What you are asked to do =
This calls for a verbatim copy of all the data, with no images carried over.

Information provided =
#####

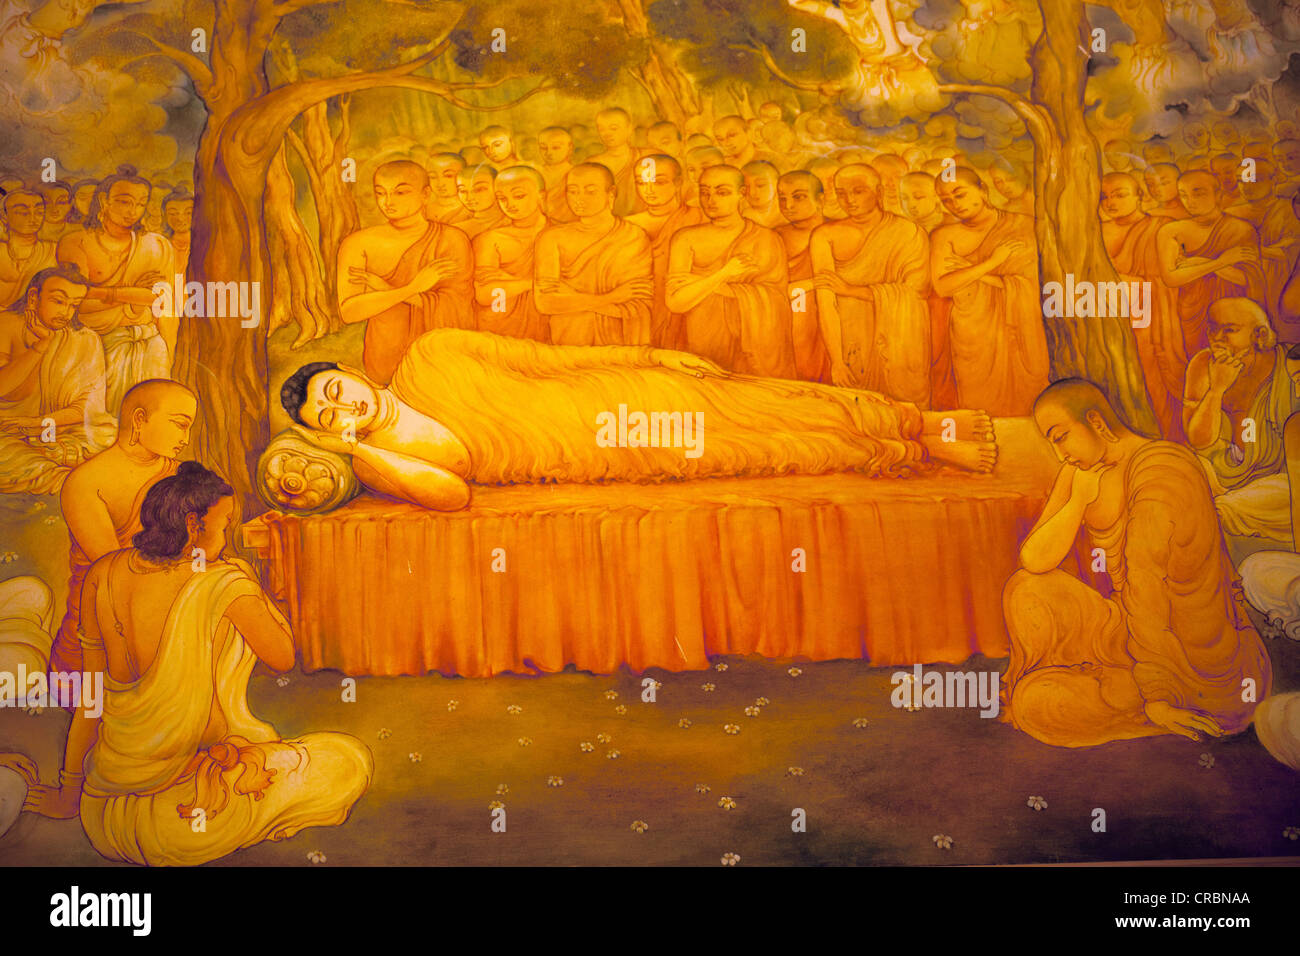 Painting of a reclining Buddha at the Temple of the Tooth, also known as Sri Dalada Maligawa, Kandy, Sri Lanka, Indian Ocean Stock Photo
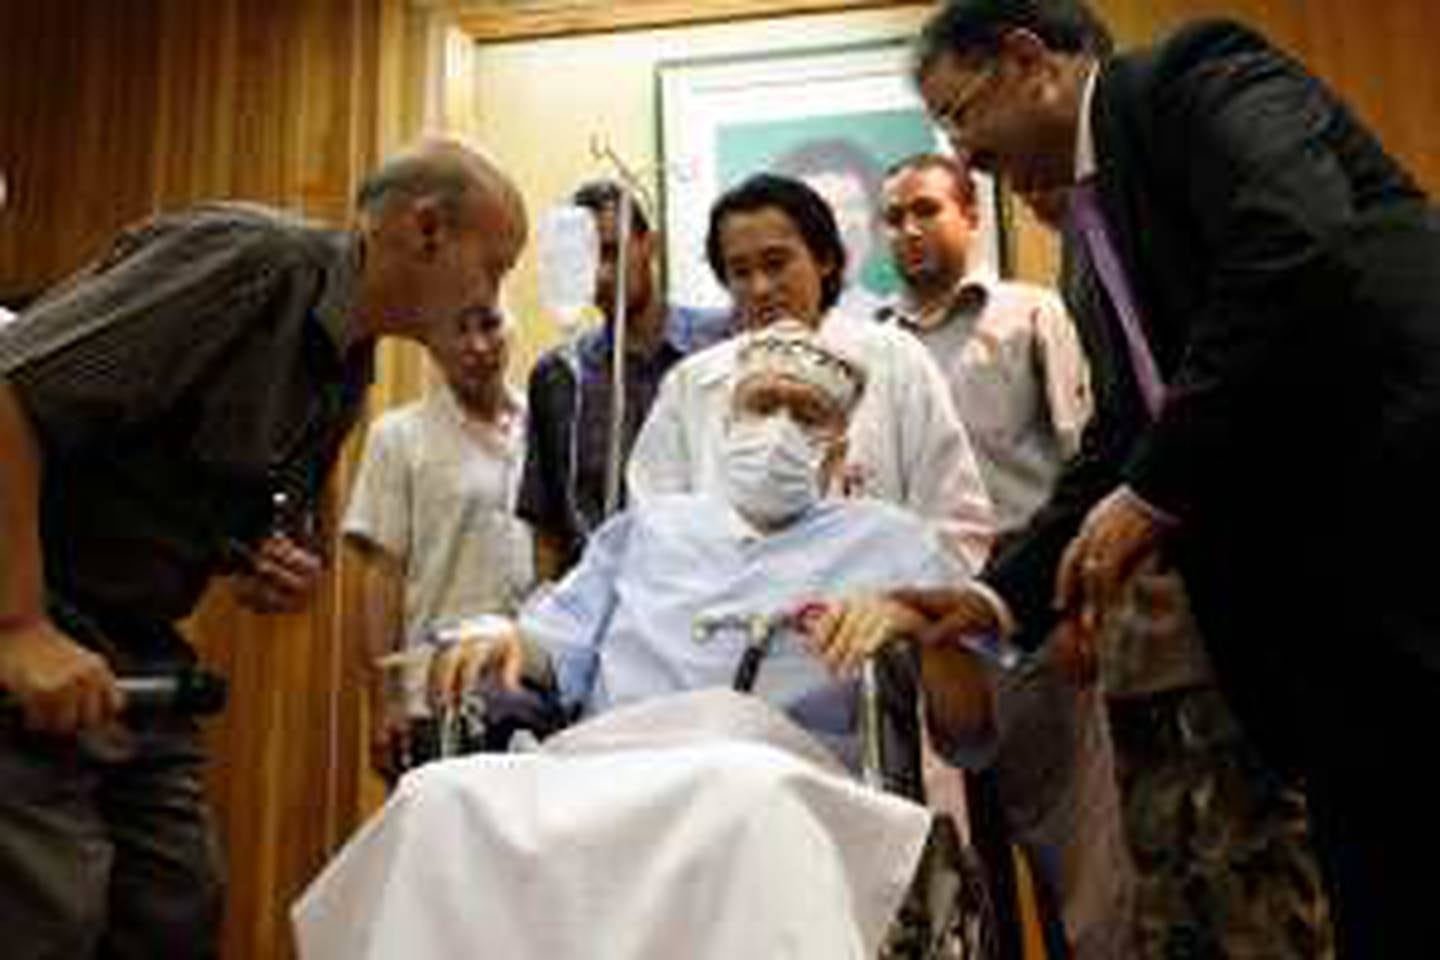 Abdel Basset al-Megrahi sits in a wheelchair in his room at a hospital in Tripoli September 9, 2009. The dying Libyan convicted of the 1988 Lockerbie bombing and freed on compassionate grounds despite U.S. objections was met by African parliamentary deputies on Wednesday in an apparent public show of support. REUTERS/Ismail Zetouny (LIBYA POLITICS IMAGES OF THE DAY)
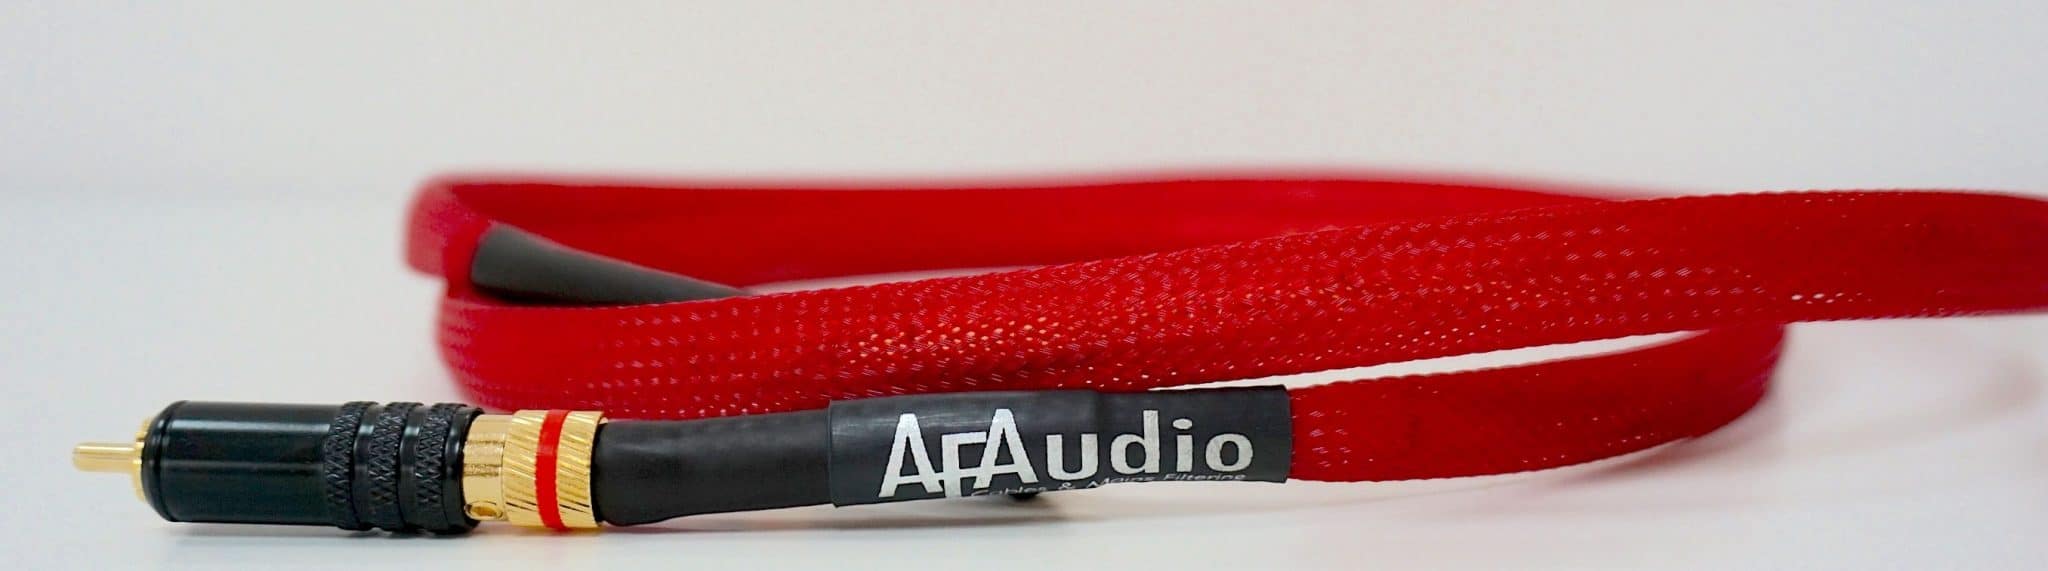 ARCHIE COAX CABLE FROM AF AUDIO
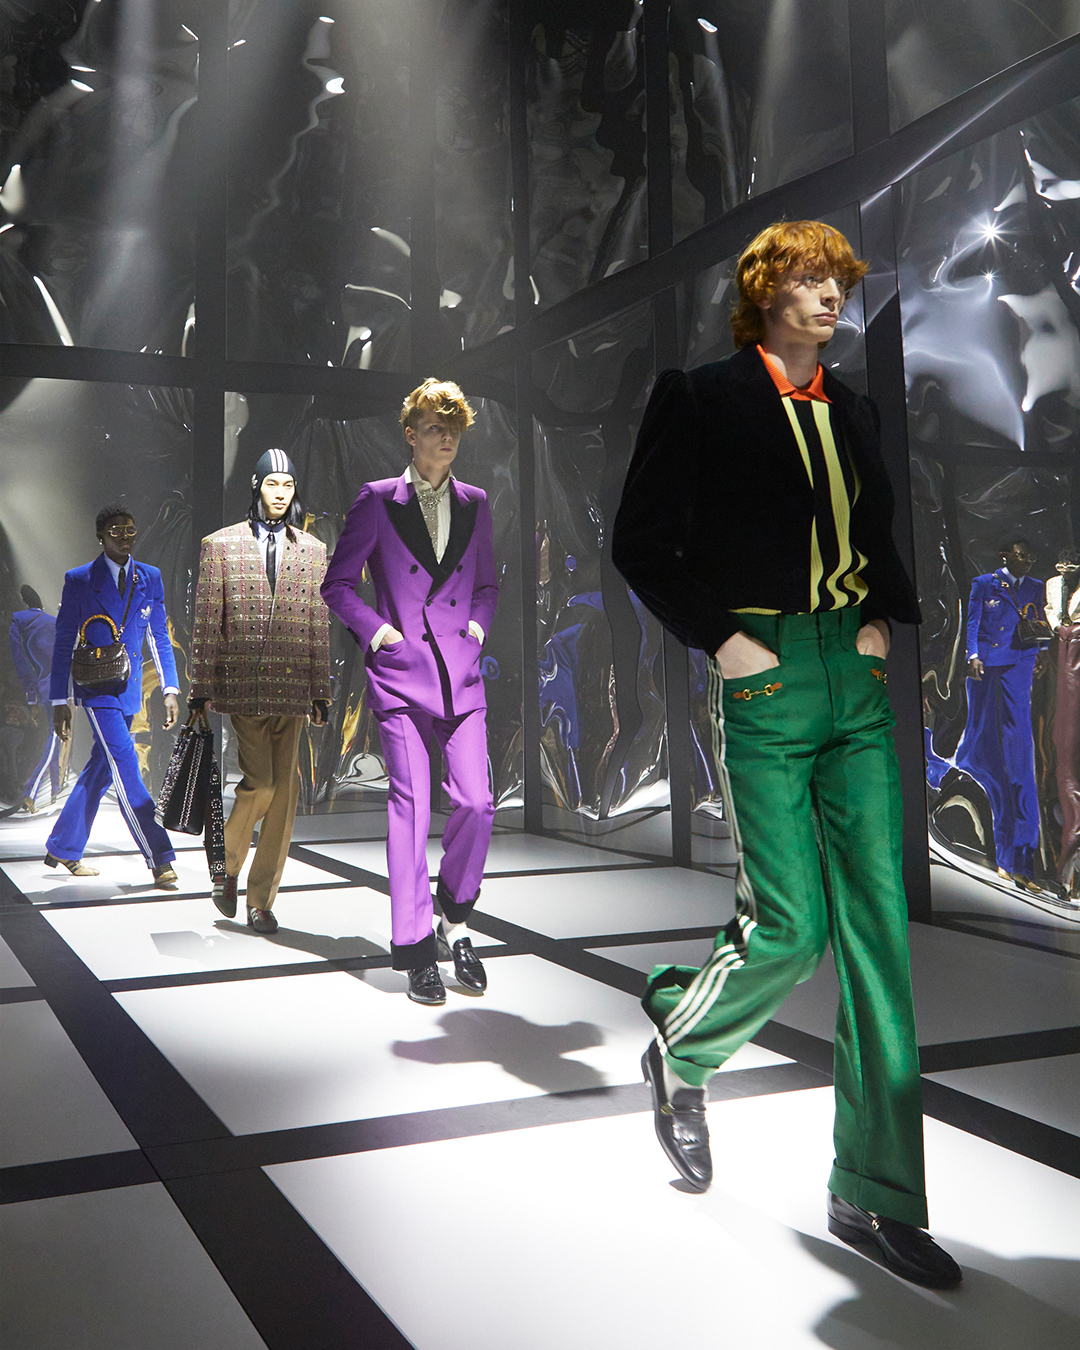 A row of four models walking the black and white grid runway of the Exquisite Gucci fashion show wearing various looks from the new collection. There are funhouse-style mirrors along the walls.

#####

Written answer =
 Painting of a reclining Buddha at the Temple of the Tooth, also known as Sri Dalada Maligawa, Kandy, Sri Lanka, Indian Ocean Stock Photo
 Abdel Basset al-Megrahi sits in a wheelchair in his room at a hospital in Tripoli September 9, 2009. The dying Libyan convicted of the 1988 Lockerbie bombing and freed on compassionate grounds despite U.S. objections was met by African parliamentary deputies on Wednesday in an apparent public show of support. REUTERS/Ismail Zetouny (LIBYA POLITICS IMAGES OF THE DAY)
 ARCHIE COAX CABLE FROM AF AUDIO
 A row of four models walking the black and white grid runway of the Exquisite Gucci fashion show wearing various looks from the new collection. There are funhouse-style mirrors along the walls.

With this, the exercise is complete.